Algorithm to compute mode

Question

I'm trying to devise an algorithm in the form of a function that accepts two parameters, an array and the size of the array. I want it to return the mode of the array and if there are multiple modes, return their average. My strategy was to take the array and first sort it. Then count all the occurrences of a number. while that number is occurring, add one to counter and store that count in an array m. So m is holding all the counts and another array q is holding the last value we were comparing.

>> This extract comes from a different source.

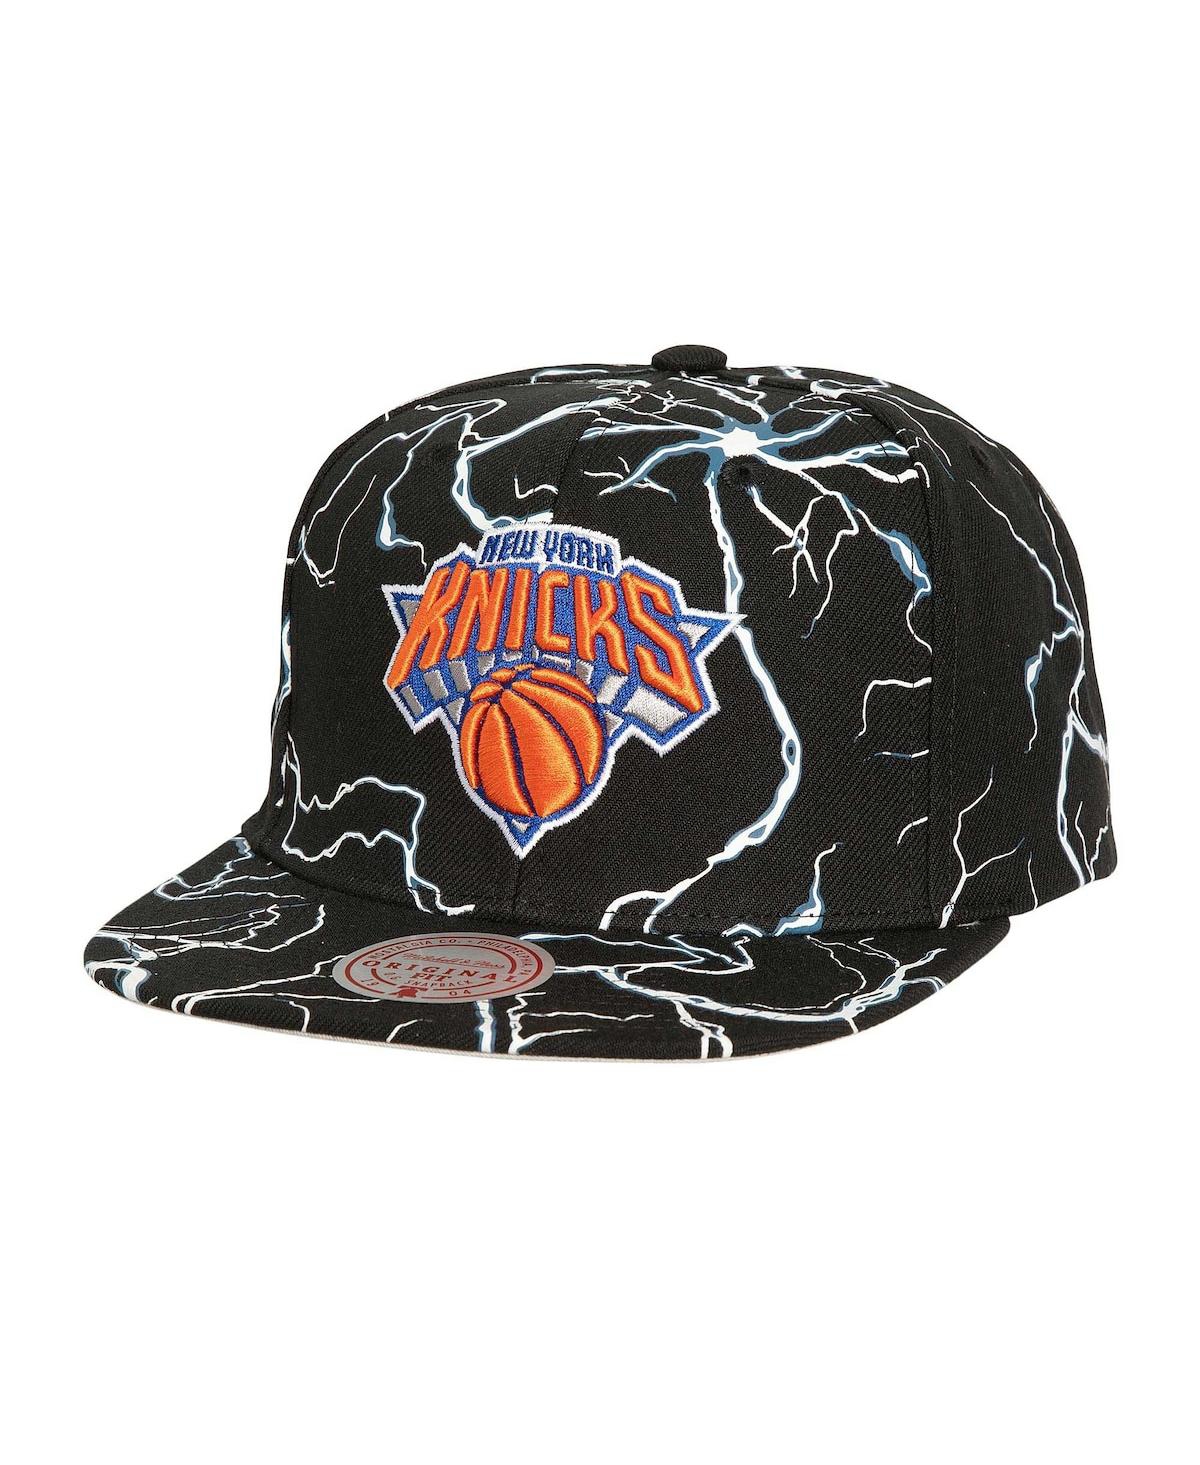 Mitchell Ness Men's Black New York Knicks Storm Season Snapback Hat - Black

For example: is my list is {1, 1, 1, 1, 2, 2, 2} then i would have m[0] = 4 q[0] = 1 and then m[1] = 3 and q[1] = 2.

so the mode is q[0] = 1;

unfortunately i have had no success thus far. hoping someone could help.

float mode(int x[],int n)
{
    //Copy array and sort it
    int y[n], temp, k = 0, counter = 0, m[n], q[n];

    for(int i = 0; i < n; i++)
        y[i] = x[i];

    for(int pass = 0; pass < n - 1; pass++)
        for(int pos = 0; pos < n; pos++)
            if(y[pass] > y[pos]) {
                temp = y[pass];
                y[pass] = y[pos];
                y[pos] = temp;
            }

    for(int i = 0; i < n;){
        for(int j = 0; j < n; j++){
            while(y[i] == y[j]) {
                counter++;
                i++;
            }
        }
        m[k] = counter;
        q[k] = y[i];
        i--; //i should be 1 less since it is referring to an array subscript
        k++;
        counter = 0;
    }

}

You are not returning anything from your function. It is quite unclear to me what you mean with *mode* and/or what the result of the function should be. If it should be the average of all values, could just `return std::accumulate(x, x + n, 0.0) / n;`. BTW, C++ does not have variable sized arrays. You could, however, use `std::vector y(n);` instead. — Dietmar Kühl, Aug 11 '13 at 23:22
@DietmarKühl The function wasn't completed. By mode I mean the value that occurs the most often in the array. I'm not using a variable sized array since the size of the array is the parameter n. — Amber Roxanna, Aug 11 '13 at 23:24
You probably want to look at `std::map` or `std::unordered_map` to count the number of times each value occurs. The obvious alternative would be to use a Boost [`bimap`](http://www.boost.org/doc/libs/release/libs/bimap/doc/html/index.html) instead. — Jerry Coffin, Aug 11 '13 at 23:36

Jerry Coffin · Accepted Answer · 2013-08-12T14:41:48.263

5

Even though you have some good answers already, I decided to post another. I'm not sure it really adds a lot that's new, but I'm not at all sure it doesn't either. If nothing else, I'm pretty sure it uses more standard headers than any of the other answers. :-)

#include <vector>
#include <algorithm>
#include <unordered_map>
#include <map>
#include <iostream>
#include <utility>
#include <functional>
#include <numeric>

int main() {
    std::vector<int> inputs{ 1, 1, 1, 1, 2, 2, 2 };

    std::unordered_map<int, size_t> counts;
    for (int i : inputs)
        ++counts[i];

    std::multimap<size_t, int, std::greater<size_t> > inv;
    for (auto p : counts)
        inv.insert(std::make_pair(p.second, p.first));

    auto e = inv.upper_bound(inv.begin()->first);

    double sum = std::accumulate(inv.begin(),
        e,
        0.0,
        [](double a, std::pair<size_t, int> const &b) {return a + b.second; });

    std::cout << sum / std::distance(inv.begin(), e);
}

Compared to @Dietmar's answer, this should be faster if you have a lot of repetition in the numbers, but his will probably be faster if the numbers are mostly unique.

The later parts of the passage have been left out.